Dan Crawford from Angry Bear said they allow ads to help fund the site. OK, maybe, but at least they seem to have had some discussion about it. I shall, however, say that as far as I am concerned they have too many. They are constantly popping up in one's face when one tries to comment, very annoying. We have fewer and they are not in the way all that much, but why so we have any at all?

Not my doing and being done against my wished, for the record. Whoever is responsible for this, either defend it (privately would be OK), or STOP IT NOW!

Anonymous said...

"I also agree that we need to couple the advocacy of freer trade (than under Trump) with serious and strong provisions for retraining funded by the winners.


"Anonymous: yes, they won't touch the issue, but I think this is a mistake. The political benefits of pointing to the Trump tax increases are potentially very big-"

This is completely reasonable.

Anonymous said...

I am sorry about the ads.

Anonymous said...

A question that confuses me, why is China taking the lead in globalization and freer trade if either is considered to be limiting for an economy?

marcel proust said...

Blanchard and Willman have at least 2 interesting analyses of the political impacts of free trade, based on fairly highbrow but otherwise unremarkable economic models which they manipulate in imaginative and insightful ways (this and that).

Kaleberg said...

This argument ignores most people's experience with free trade. A lot of people remember or have heard tales or seen evidence of when their city or town was a manufacturing center with good union jobs or jobs with decent pay and benefits thanks to the union umbrella. They now see only crappy just above minimum wage jobs, empty factory buildings and a marginal local economy. They may see some evidence of the benefits of free trade. Perhaps their town now exports chicken feet to China, but those jobs are low pay, low benefit and often filled by illegal immigrants who are much more tractable sub-minimum wage employees. Attempts to improve working conditions are summarily dismissed with a threat to move production overseas.

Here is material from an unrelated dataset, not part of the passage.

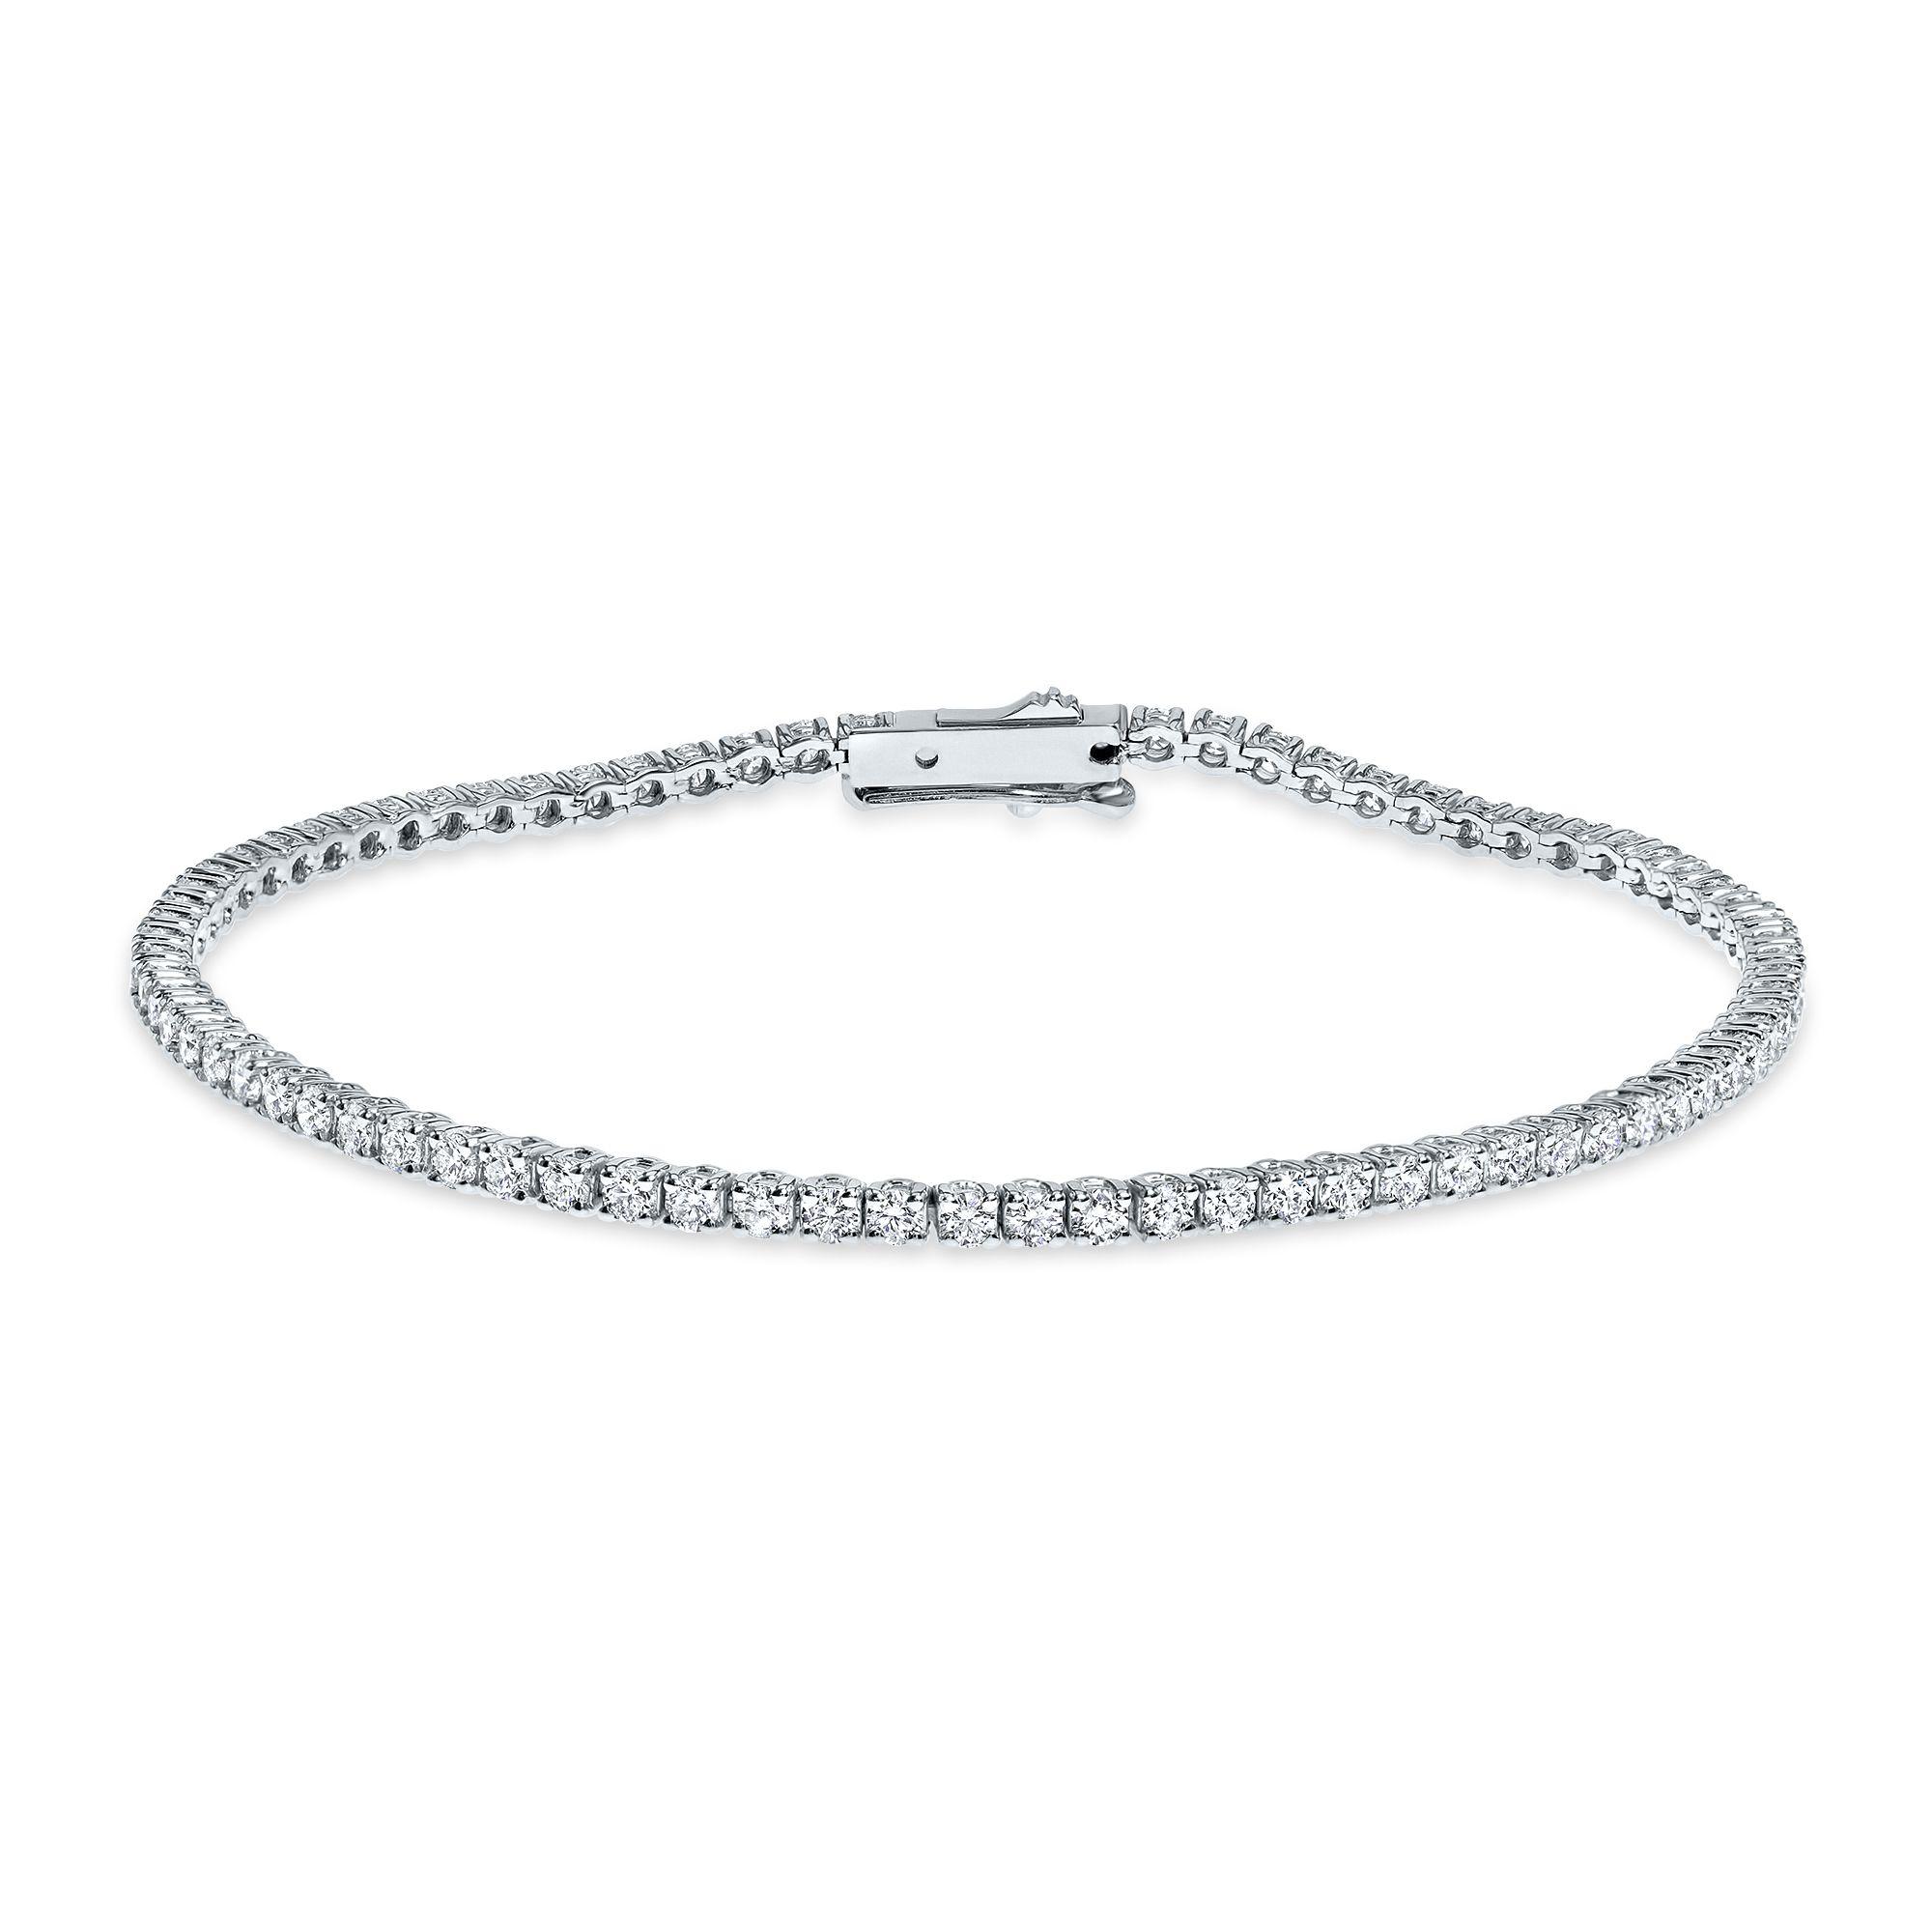 2.50 carat, Tennis Bracelet, G-H color, 6.20gr. 14K

Yes, there is an economic theory that free trade increases overall efficiency, but anyone who has had their machine crash without the inefficiency of an entire disk or flash drive wasted on a backup copy knows that efficiency can have its price. There are also economic theories, theories that have repeatedly proved their effectiveness and applicability, that show that free trade can leave a nation in poverty even as it produces wealth elsewhere. In the 19th century, those theories enabled the industrialization in Europe and the US, and in the 20th century, they enabled the industrialization of Japan, Korea, Taiwan and China. Free trade, supported by the British in the 19th and the US in the 20th century is just an imperialistic argument to justify imperial behavior. The argument is based on the false claim that efficiency is a desirable end in and above itself and at any cost.

Jerry Brown said...

Kevin, I think you are right if your goal is to have Donald Trump win again. But as a Democrat for more than 30 years who wants a Democratic President who will represent the working class at least as much as the upper class, I think you are out to lunch if you also are supporting a Democrat to win. You are wrong on the politics and you are wrong on how supposedly 'free' trade affects labor.

Anonymous said...

"Kevin, I think you are right if your goal is to have Donald Trump win again...."

Tough, but I reluctantly agree. The sense that workers are being harmed by freer trade is now taken for granted and even if wrong going against that sense would be difficult in the near term.

kevin quinn said...

Why would it help Trump get re-elected to point out the truth: that his protectionism has done nothing but harm? It hasn't increased manufacturing employment; it has raised prices for imports; it has planted a dagger in the heart of the rural economy. It is also unconstitutional on its face - there is no national security concern that is addressed by imposing tariffs on our allies. And it is a potent source for corruption in handing out tariff exemptions.